Three years ago, Shinzo Abe launched a grand experiment designed to jolt Japan’s economy out of decades of stagnation.
Now, there’s a growing consensus that the prime minister’s program is on the rocks.
Known as “Abenomics,” it included three so-called arrows: massive monetary stimulus, increased government spending and significant economic reforms.
The plan got off to a roaring start. Once reluctant to engage in unconventional monetary policy, the Bank of Japan embraced Abe’s vision and launched a huge bond-buying program. The central government turned on its spending tap. Markets rallied and the yen plummeted against the dollar.
The idea was that as prices rose and businesses profited, they would pass on a bigger share of earnings to workers, who would spend more on goods and services. If it worked, the “virtuous cycle” would deliver sustained economic growth.
The program, however, has faltered. Wage growth is lackluster, and inflation remains far below the central bank’s 2% target. Gross domestic product shrank at an annualized pace of 1.2% in the second quarter, and there’s evidence that the economy may have fallen back into recession in the third quarter.
“The economic data published since the Bank of Japan’s last meeting in mid-September have provided further evidence that the economic recovery has ground to a halt,” said Marcel Thieliant of Capital Economics.
Ratings agencies, meanwhile, are increasingly worried about Japan’s astronomical government debt, which totals nearly 250% of annual gross domestic product. The latest downgrade came from Standard & Poor’s, which warned that Abenomics “will not be able to reverse” the deterioration in Japan’s creditworthiness.
So why has Abe failed?
One explanation is that his third arrow — economic reform — has flown wide of the target. Proposals to allow more immigrants, needed to slow the rapid aging of the population, have gone nowhere. Planned changes to the labor market and tax system have also stalled.
But Abe, and his allies at the Bank of Japan, are not giving up just yet.
The central bank is likely to further expand its stimulus program, either this week or at the end of the month.

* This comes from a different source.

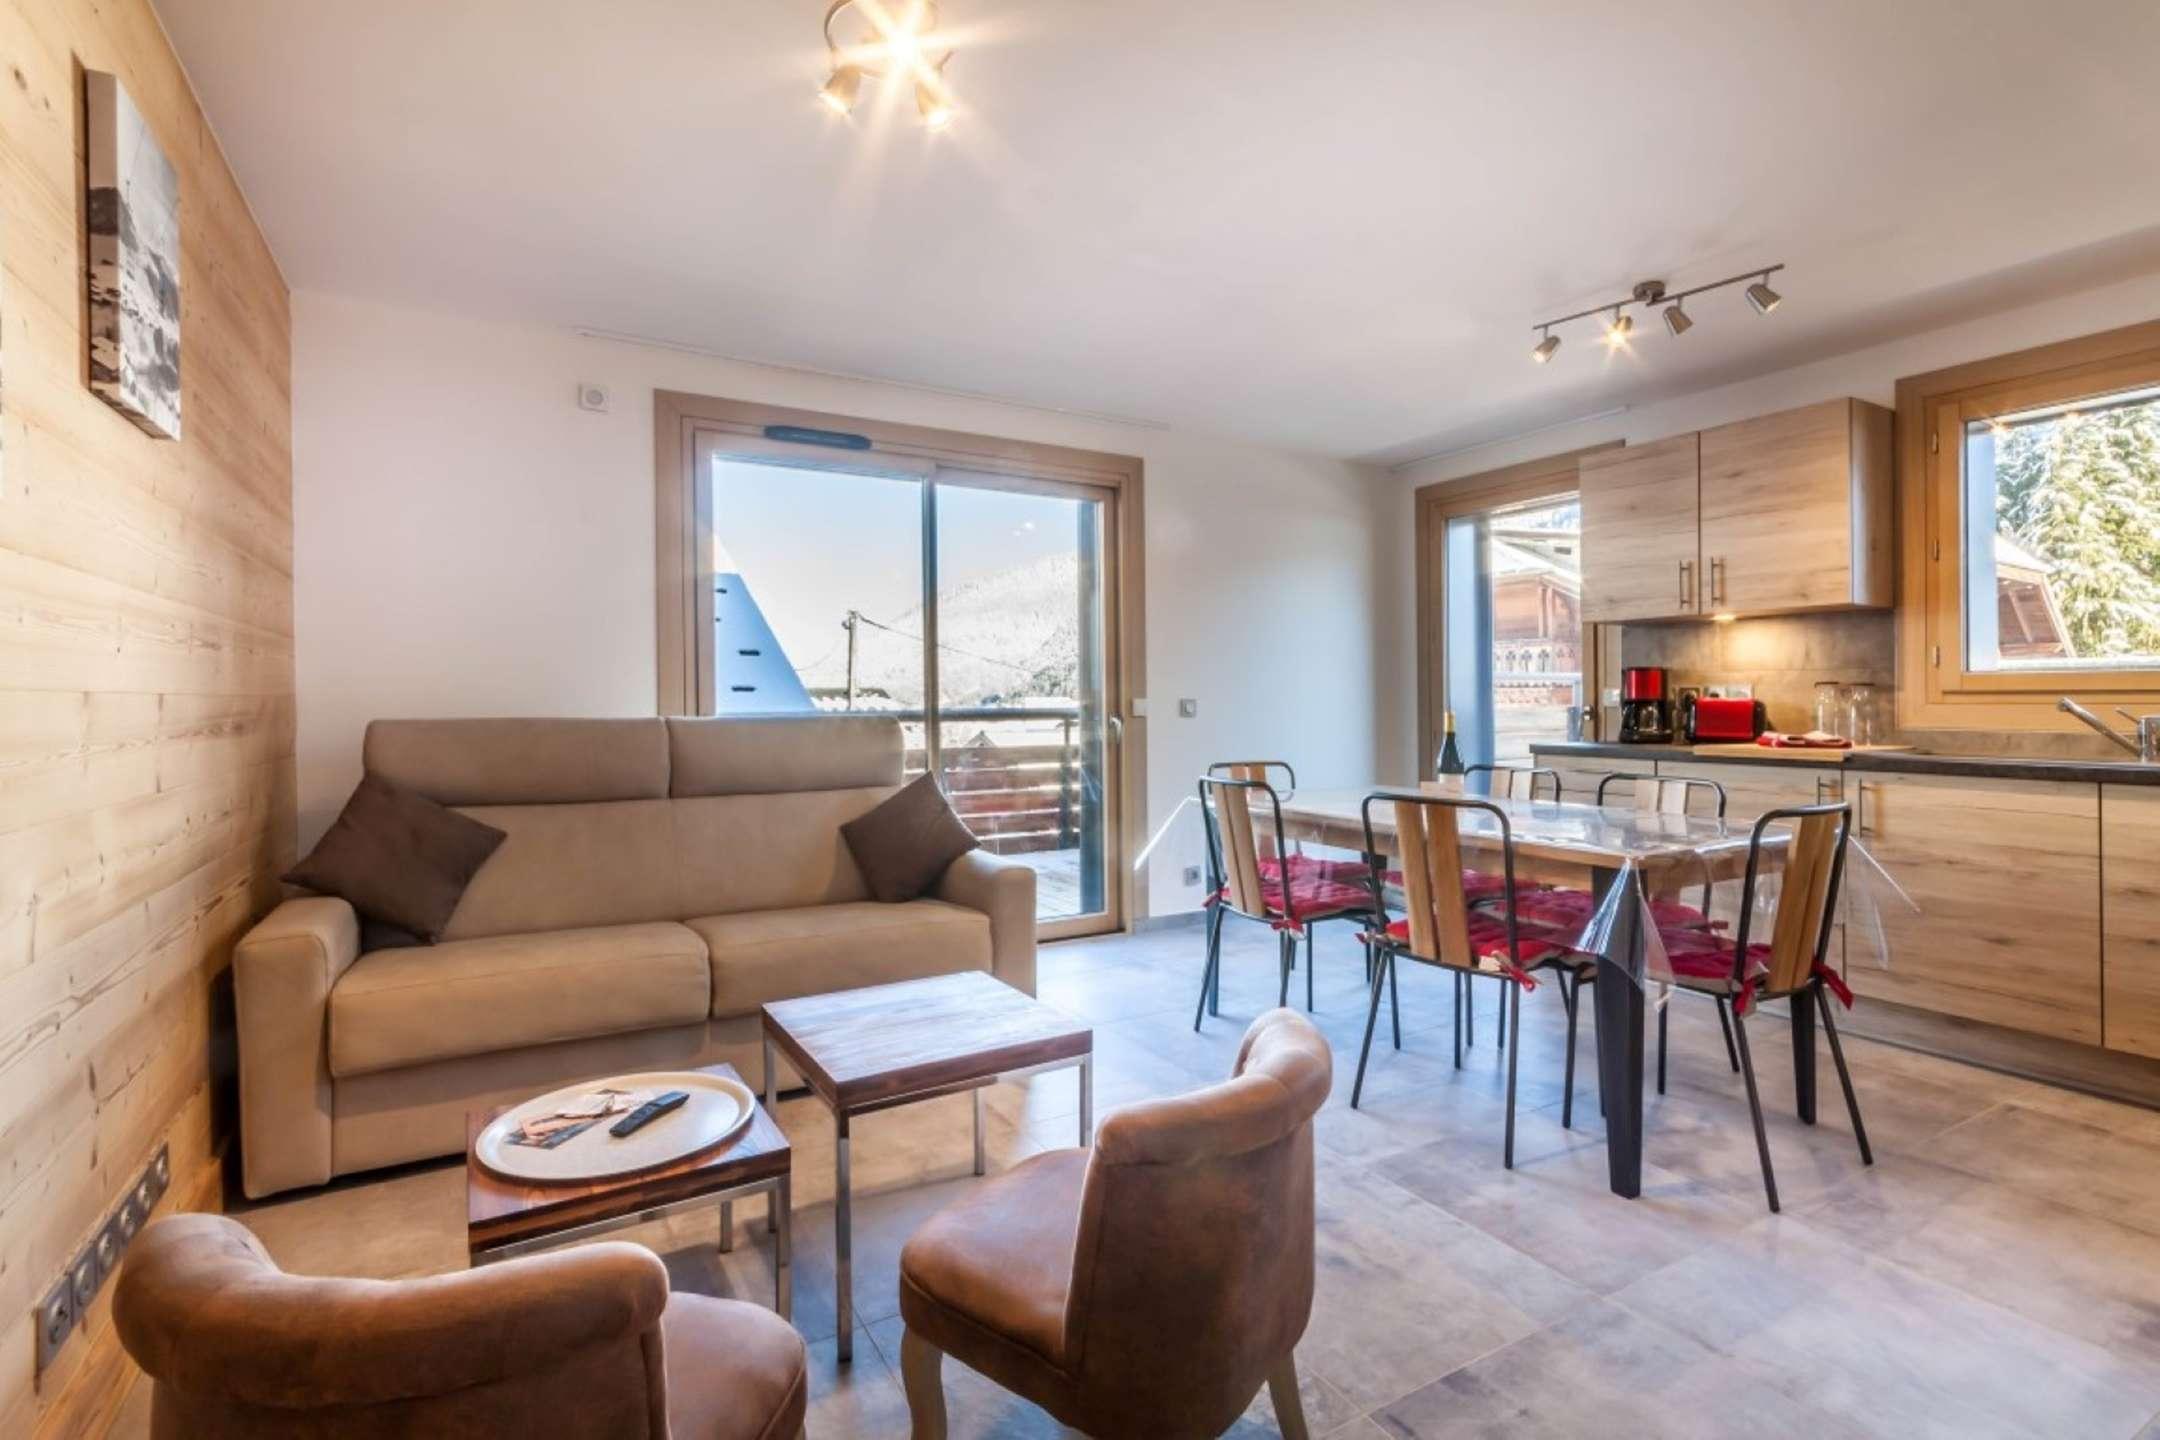 Magnifique appartement 8 personnes - résidence neuve au pied des pistes

This is “all but inevitable,” according to Thieliant.
The prime minister, who could remain in his post for three more years, has also fired “three new arrows.” The measures, however, have been criticized for a lack of detail and ambition. Abe failed to specify how long one arrow — a pledge to boost nominal GDP by 22% — would take to materialize.
“This new plan is unlikely to accelerate work to implement reforms and may well add confusion to a… process that many people inside and outside Japan already find frustratingly complex,” said Scott Seaman, an analyst at Eurasia Group.
Some economists maintain a rosier view of Abenomics. If you strip out energy prices, inflation numbers look much better, they argue. Per-capita income is keeping pace with other developed economies, and consumption is increasing.
“Japan faces a much less challenging outlook than conventional wisdom holds,” said analysts at Barclays.